The disconnection in THE HEADLESS WOMAN involves not only Vero's personal story with the dog, or boy, that she may have hit, but also in her growing dissassociation with all of those around her, and by implication a realization that her life as an upper-class woman of mostly European origin sets her apart from her servants, clients, perhaps even her family, none of whom looks as pale or Old World in complexion. Late in the film she decides to die her hair; she had been the only blonde character in the film, and she dies her hair almost jet black. Her sister asks a strange question - if that's her natural color - and Vero answers that she thinks it was, but it's all gray now. But she can't seem to come to terms with what has happened, and this leads to a further and further drifting from her own world - but never towards the worlds of the lower classes, the indigenous natives, of guilt, of understanding what she may have done.
It's a very strong film, and the Cinemascope framing and regular use of rain and glass, of doors and windows bisecting the frame help to give us clues throughout that something is amiss, though we can never be much more certain than Vero as to what the problem really is. Did she not stop because she is so self-absorbed that the possiblity of killing someone else just didn't matter? Is it that she wasn't worried because the only people out in this area were lower-class Indians, who she feels separated from and superior to? Is she dealing with the onset of Alzheimers herself, and afraid to admit to or deal with that possibility, seeing what is happening to her mother? We don't know, we are left as in the dark as Vero, and this film as much as any I've seen really communicates that sense of isolation that a person can feel when they feel a loss of mental faculties and emotional stability, but aren't ready to admit or deal with it in any way. If I don't quite LOVE the film, it's I suppose because I'm not sure how to feel either, and I guess for once I would have appreciated just a little more grounding. But I suspect that another viewing will take care of some of my issues.

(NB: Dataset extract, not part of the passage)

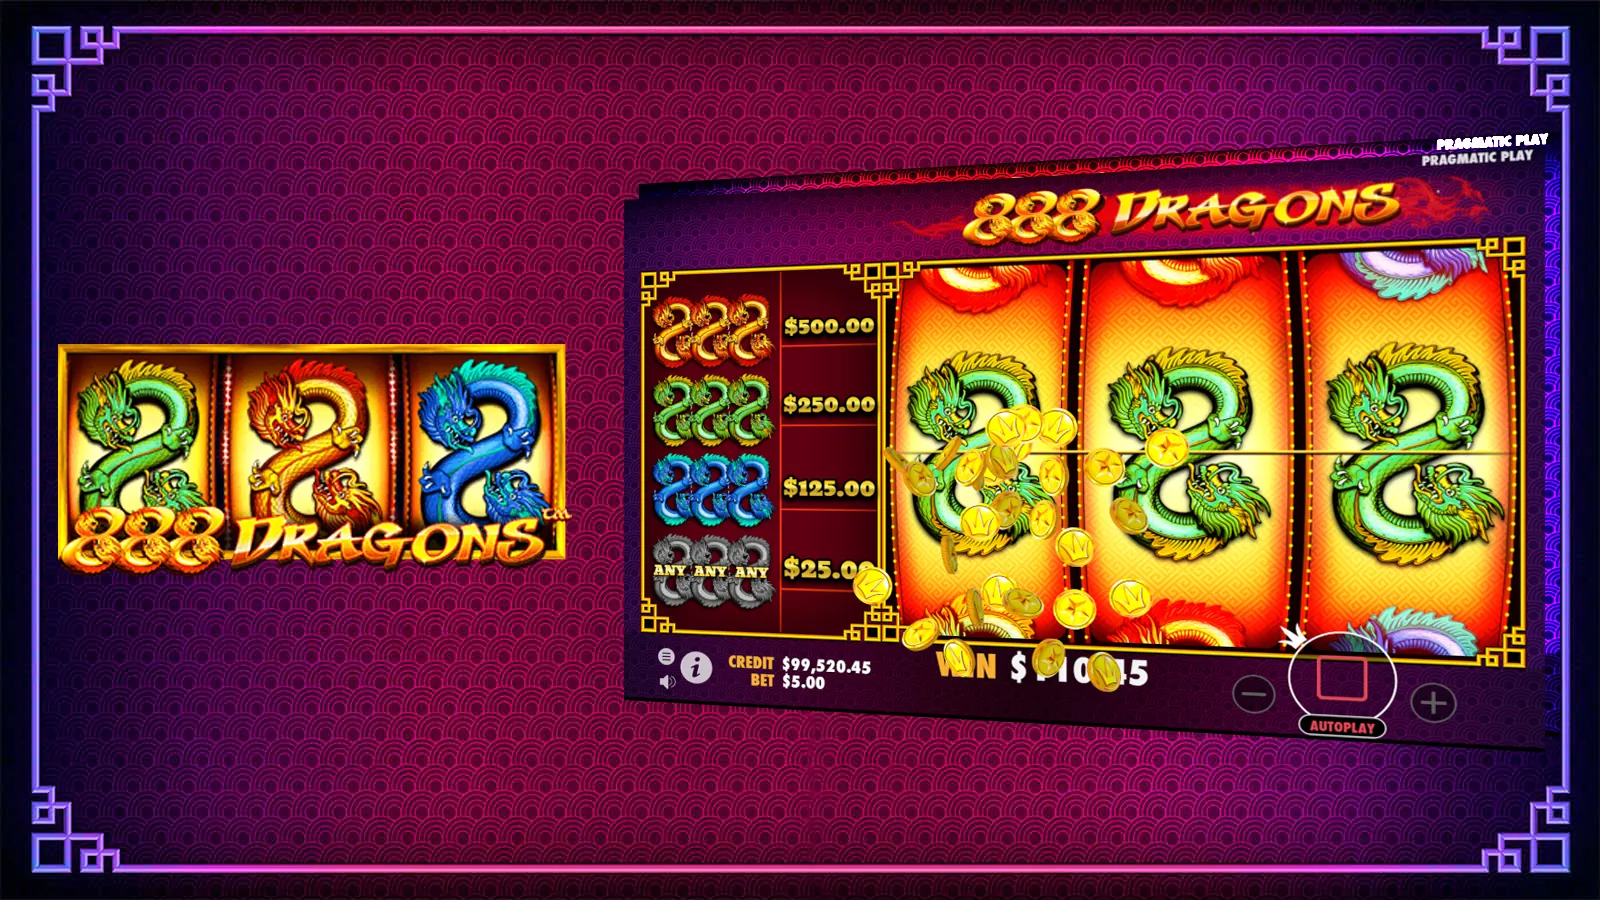 Play 888 Dragons for free. Empire777 free credit RM30. Register account to get free credits.

Maria Onetto has an extraordinarily difficult task - playing a woman cut off from herself and everyone whose occasional slips of emotion and self-awareness have to seem inexplicable, even random - and she carries it off brilliantly, always the center of our attention even though she is losing herself and fading away. The rest of the cast is quite fine as well but the film is really entirely hers; I should also mention the exceptional naturalistic cinematography of Bárbara Álvarez who accomplishes some real miracles with rain and with light distortion and soft focus in parts of the frame at various times which helps to indicate Vero's disconnect from everything and everyone around her. It's all quite subtle - perhaps at times a little too subtle - but I think it will be quite rewarding for the patient. I'll definitely be checking out Ms. Martel's earlier films.